■ Exercise:
Any images in the material are to be dropped while every line is retyped exactly.

■ Data section:
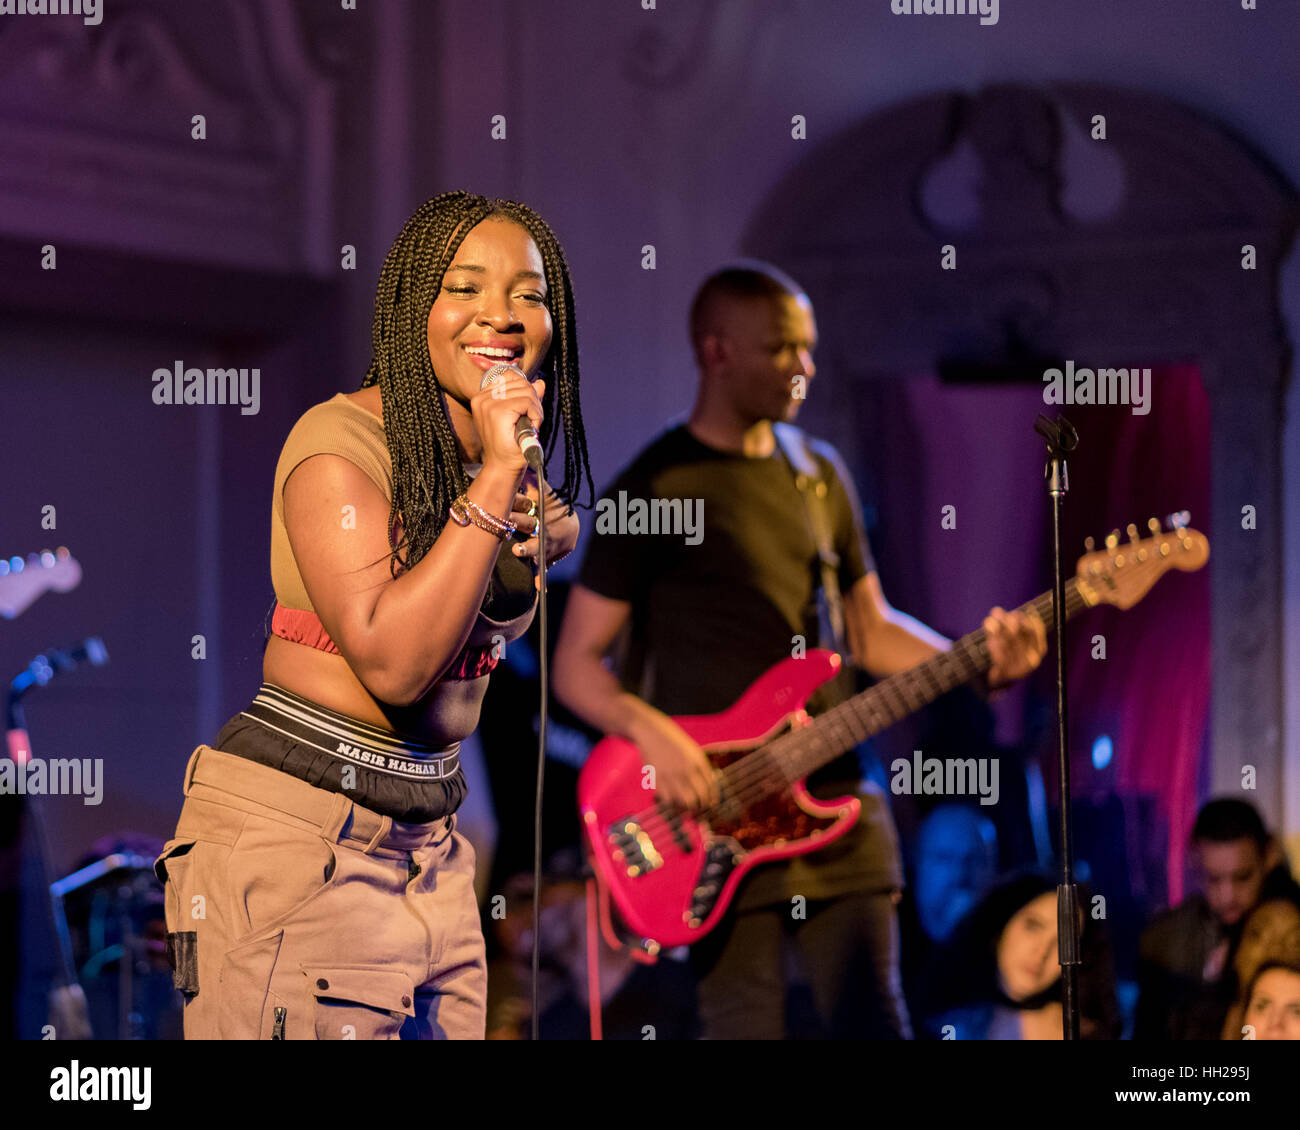 Ray BLK singing with her band at a live concert in September 2016. Stock Photo
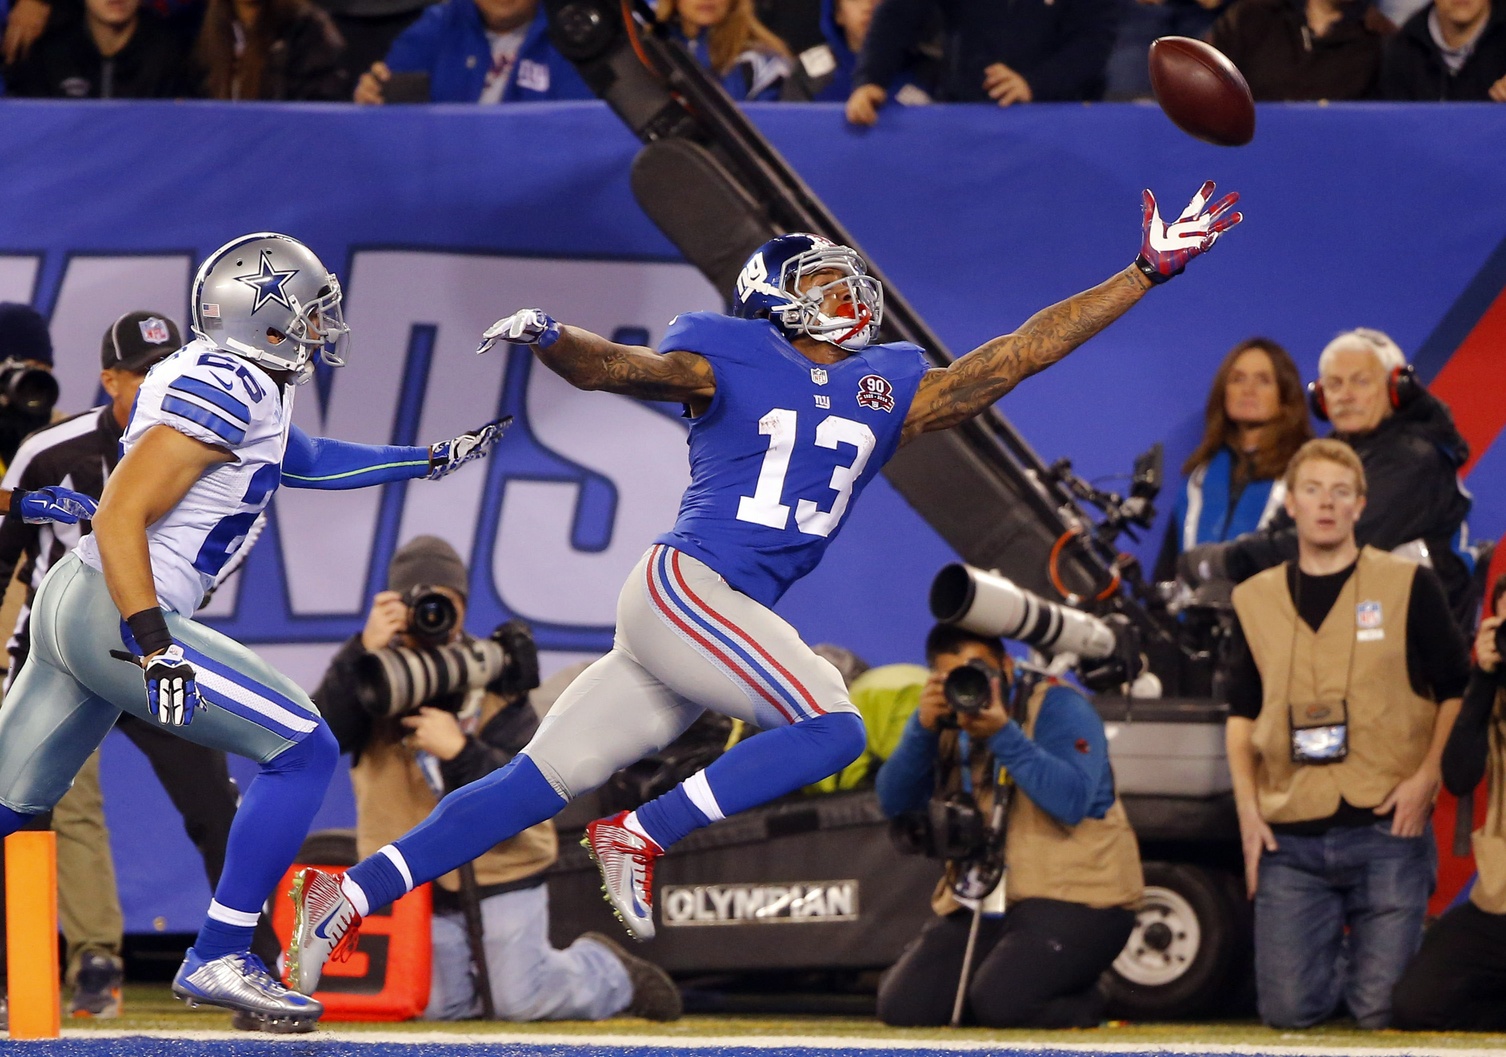 New York Giants rookie wideout Odell Beckham Jr. was worth the
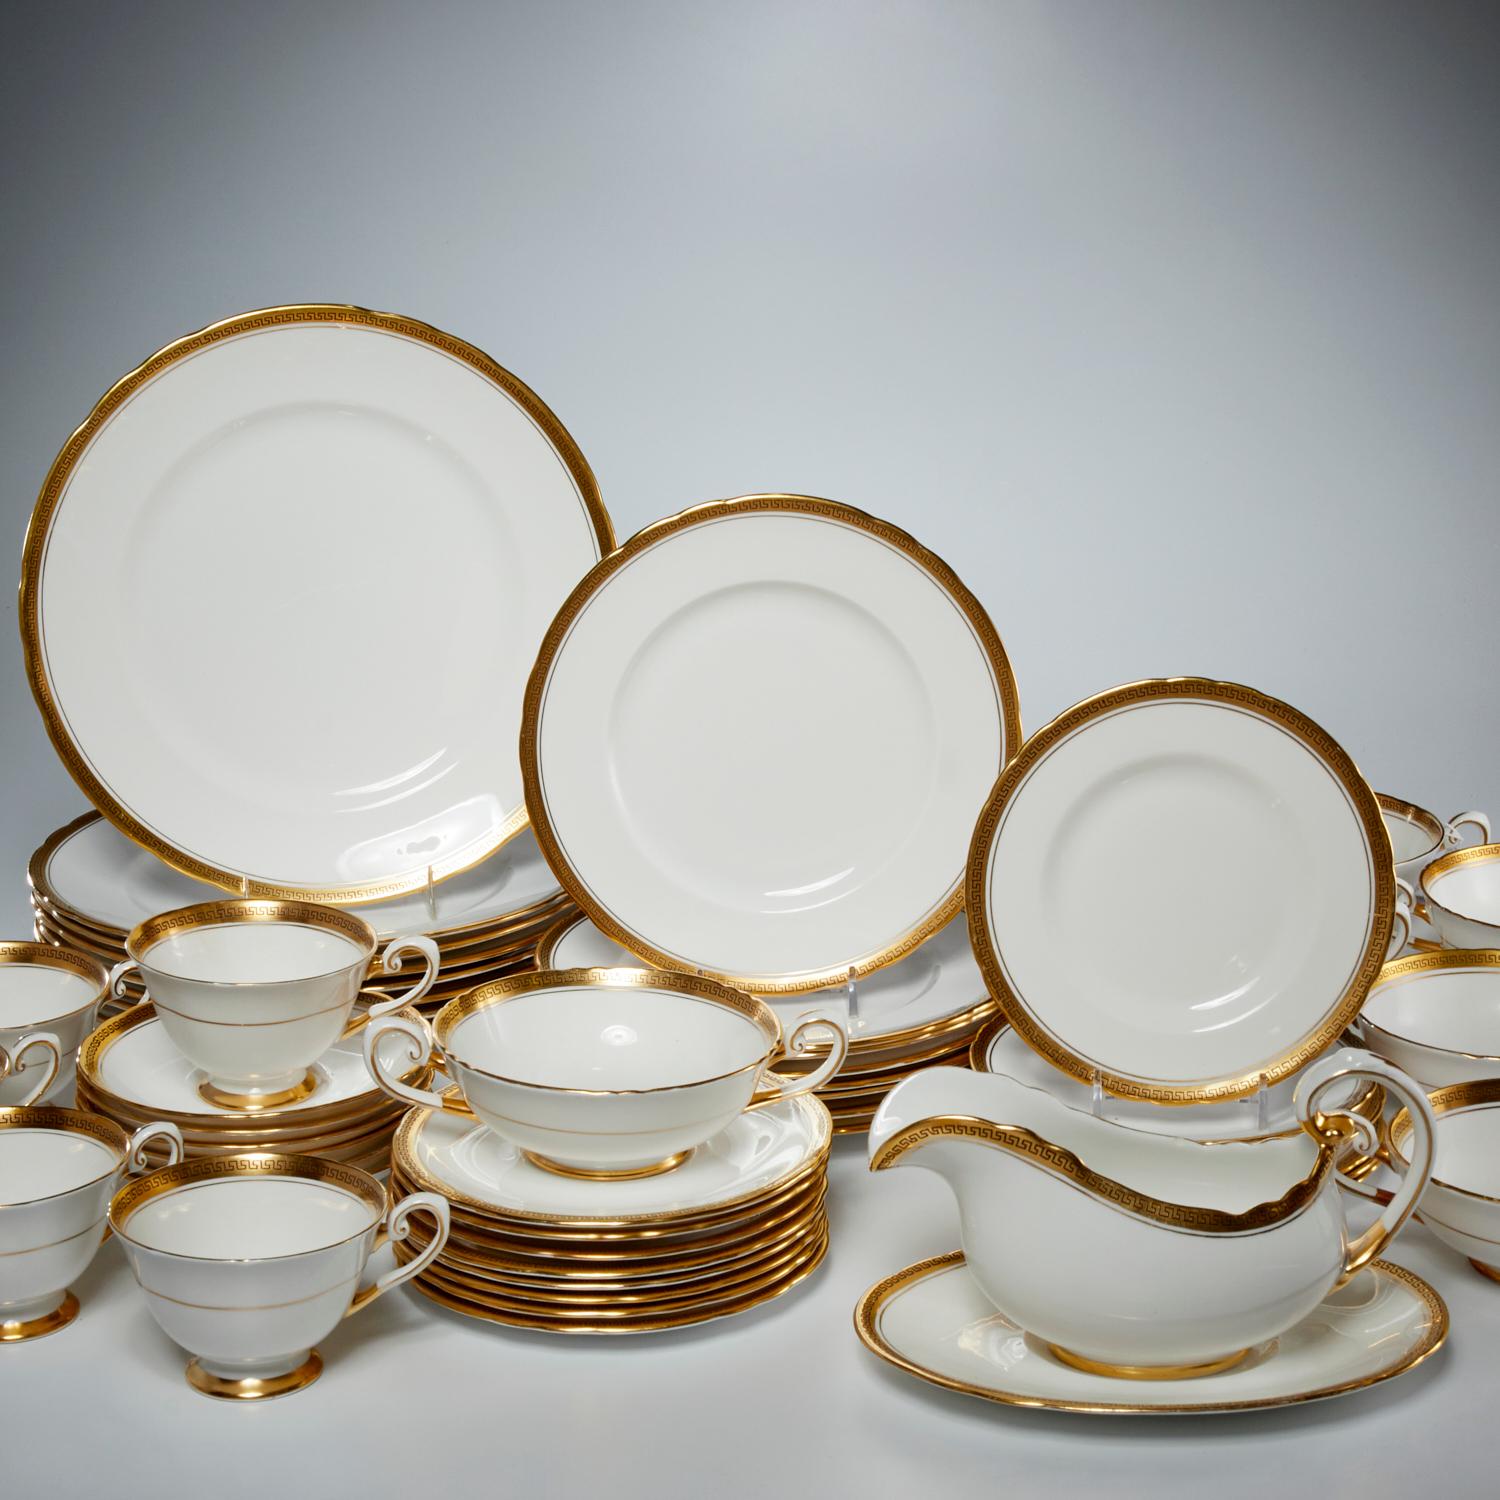 20th c., English, Royal Tuscan for Harrold's of London (52) pieces, white porcelain dinnerware, with gilt rim decorated in gold Greek Key design with hand painted black highlighting. Maker's mark to underside, with Harrod's retailer mark,. Set
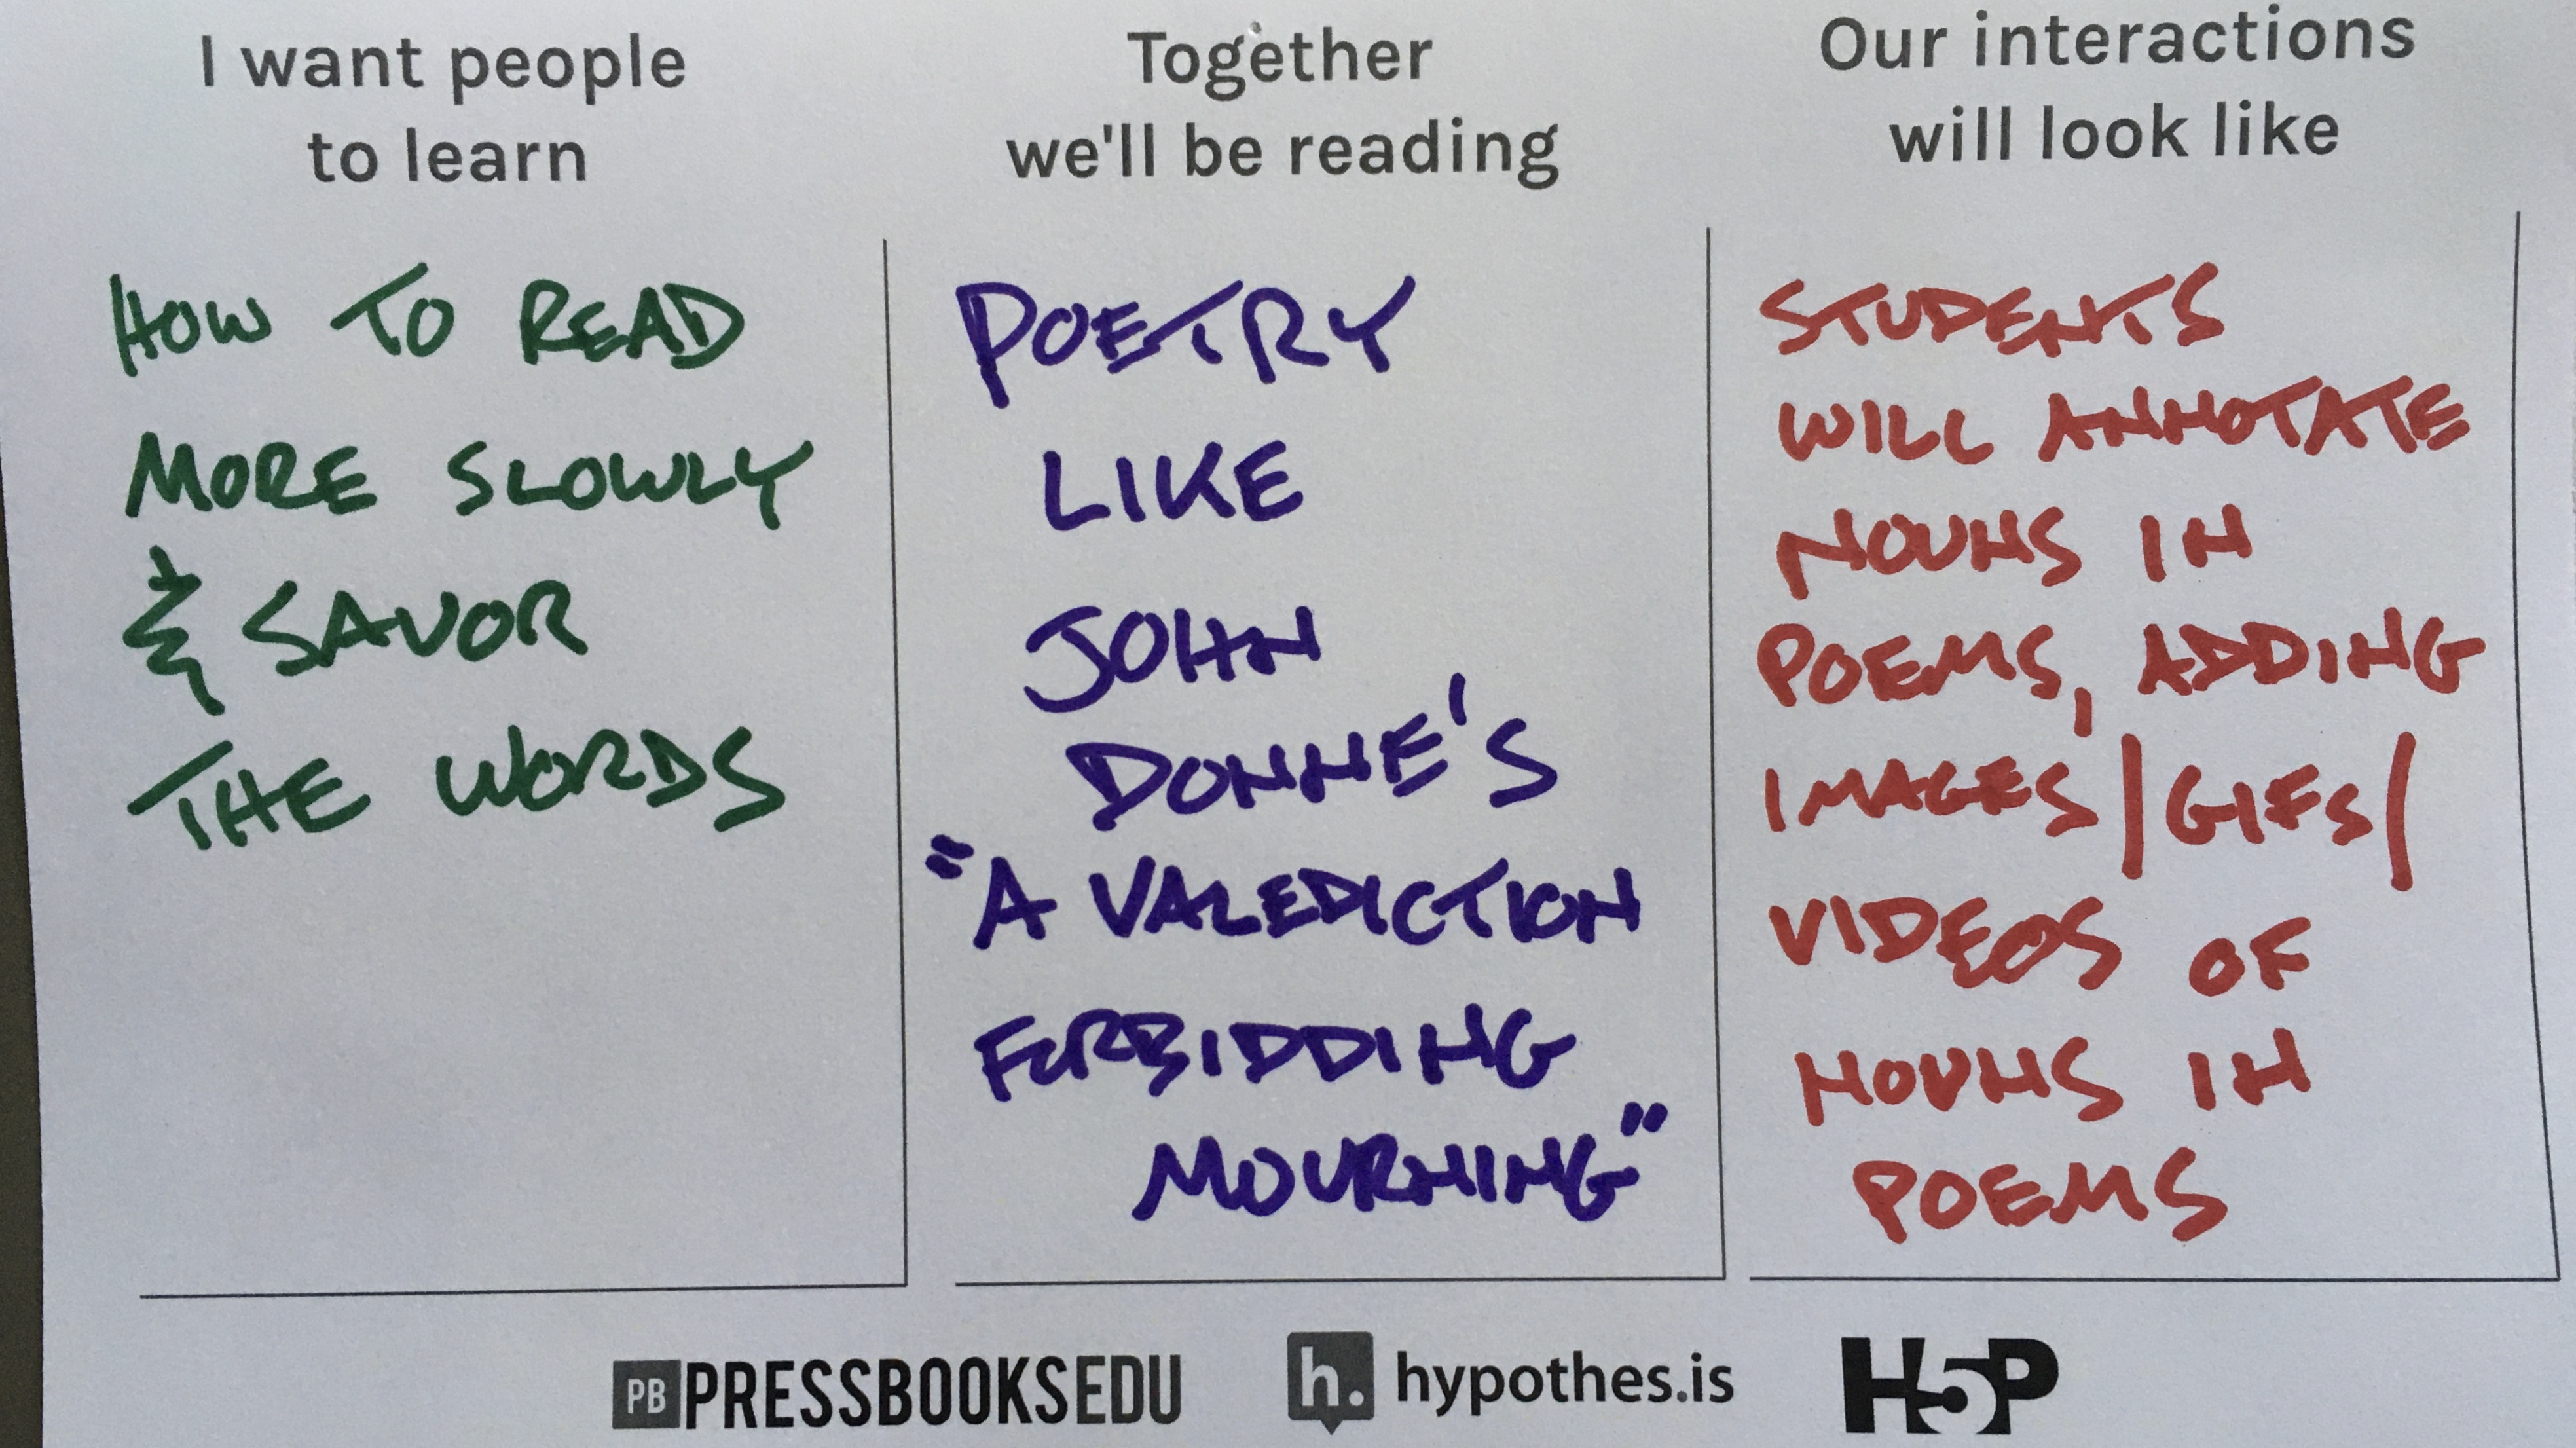 A handout describing a tiny social reading activity, with logos from Pressbooks, Hypothesis and H5P across the bottom.

■ Solution to this task:
 Ray BLK singing with her band at a live concert in September 2016. Stock Photo
 New York Giants rookie wideout Odell Beckham Jr. was worth the
 20th c., English, Royal Tuscan for Harrold's of London (52) pieces, white porcelain dinnerware, with gilt rim decorated in gold Greek Key design with hand painted black highlighting. Maker's mark to underside, with Harrod's retailer mark,. Set
 A handout describing a tiny social reading activity, with logos from Pressbooks, Hypothesis and H5P across the bottom.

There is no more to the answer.